Towards an OS for the Network Data Plane

Network Function Virtualization (NFV) promises a cloudcomputing-like shared platform for packet processing network functions (NFs). Realizing this vision requires a carefully managed packet processing architecture that ensures multiple tenants can safely and efficiently utilize resources. Recent advancements such as user space I/O have significantly improved the throughput (packets/sec) of x86based packet processing. However, current approaches either rely on VM or container-based isolation between NFs, which incurs high context switch overheads, or run NFs in a shared address space without protection or proper performance guarantees.

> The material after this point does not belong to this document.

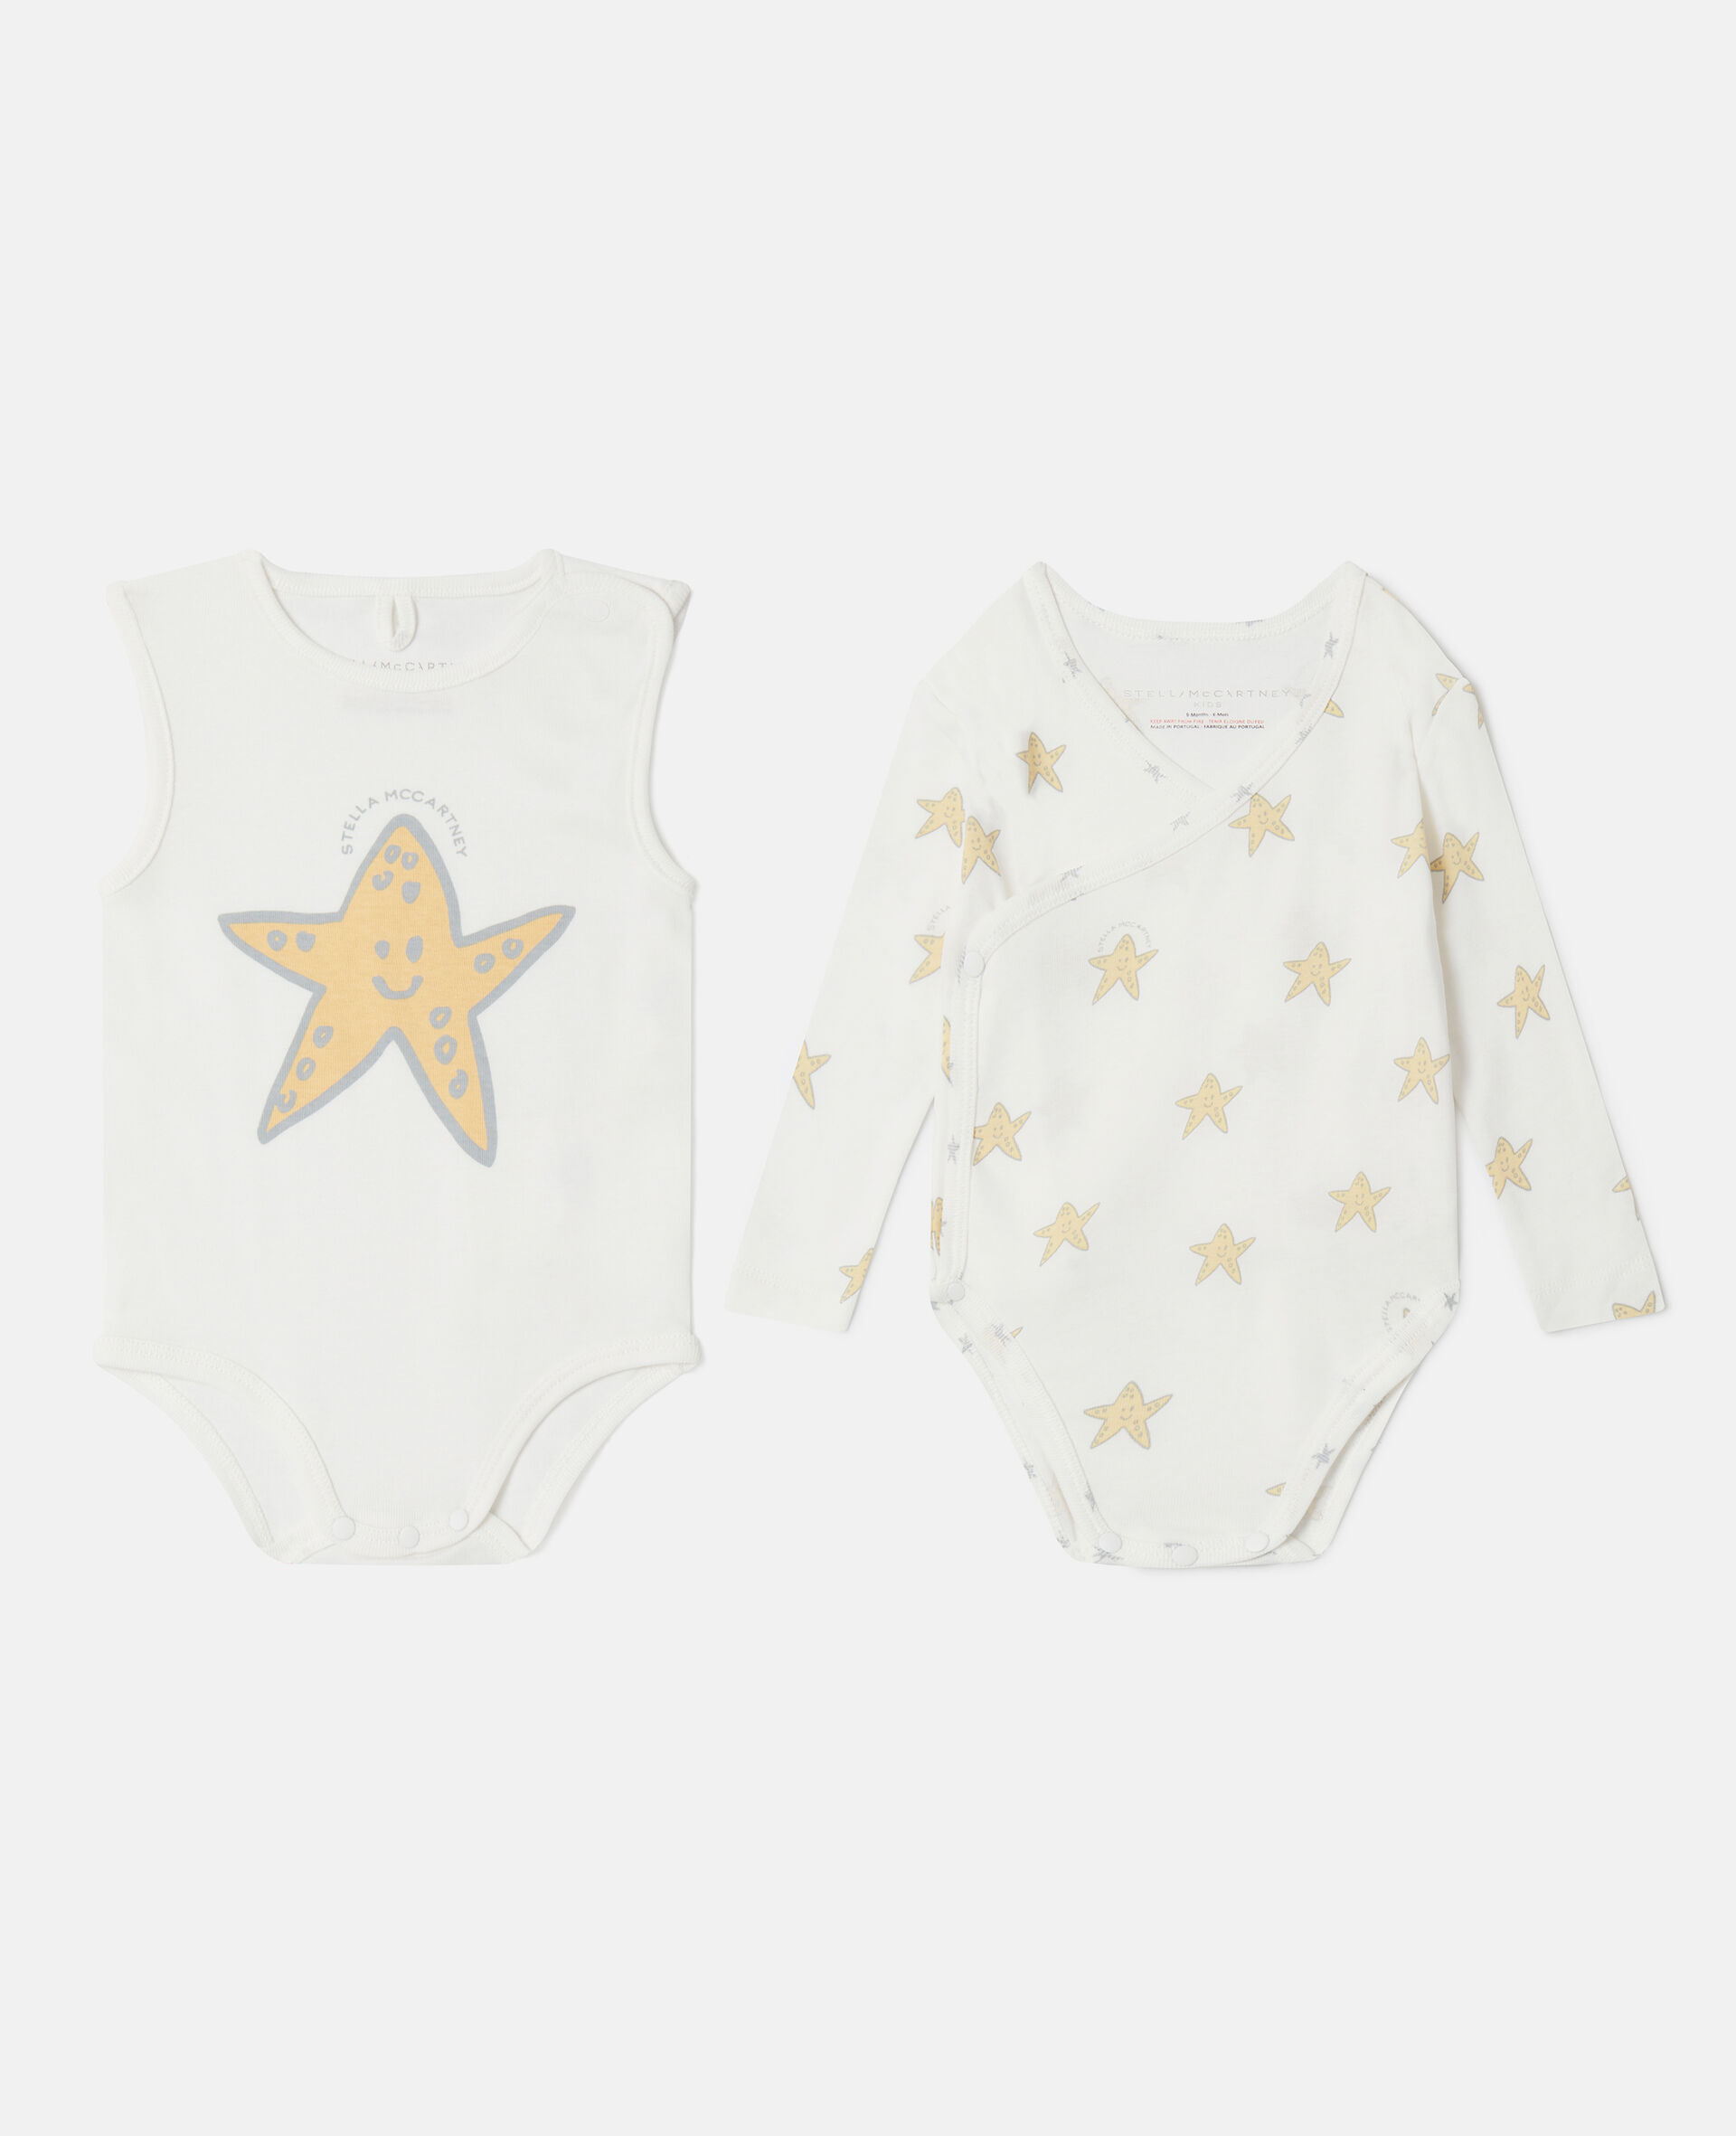 Smiling Stella Star Print Bodysuit and Sleepsuit Set-Fantasia-large image number 0
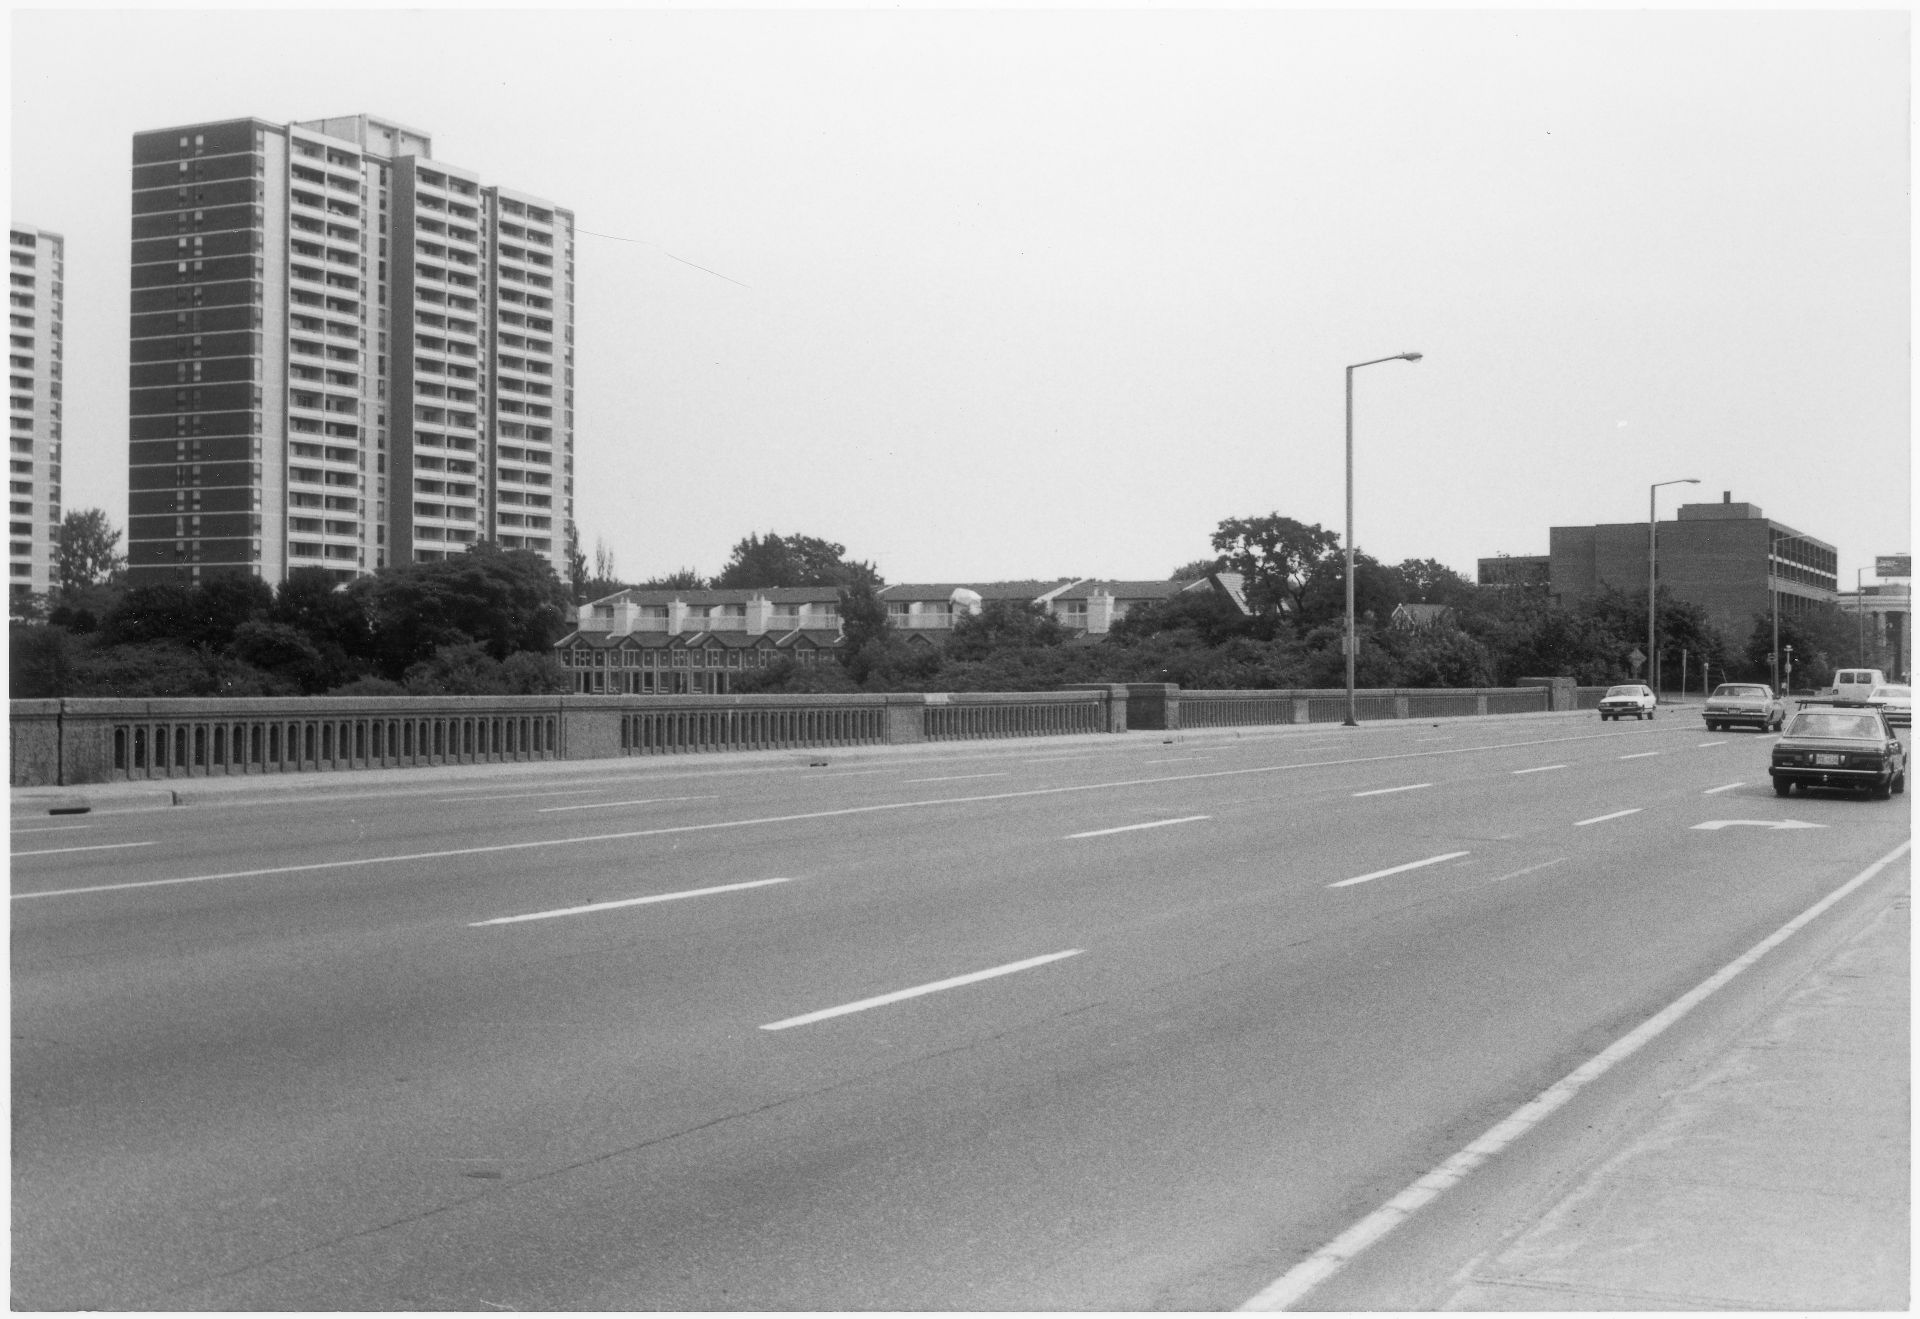 Street View of the Bloor Street Bridge in 1984. City of Toronto Archives, Fonds 268, File 6, Item 35.

Our position is that the data plane architecture must play the role of an operating system (OS) for modular NFs run by different tenants, and hence it should provide a number of OS-like capabilities, including: Memory protection: Similar to the abstraction of an OS process, the contents of memory for an NF and a tenant must be protected from others. Resource allocation: Similar to an OS process scheduler, resource allocation should balance the twin goals of high throughput and fairness among tenants. State management: Similar to a file system, state management should enable modules to store processing state, e.g., TCP connection state in a stateful NF. Access control: Similar to the concepts of OS users & permissions, access control should determine the privilege level of tenants and NFs to read or modify architectural components, e.g, processing graph and per-flow state.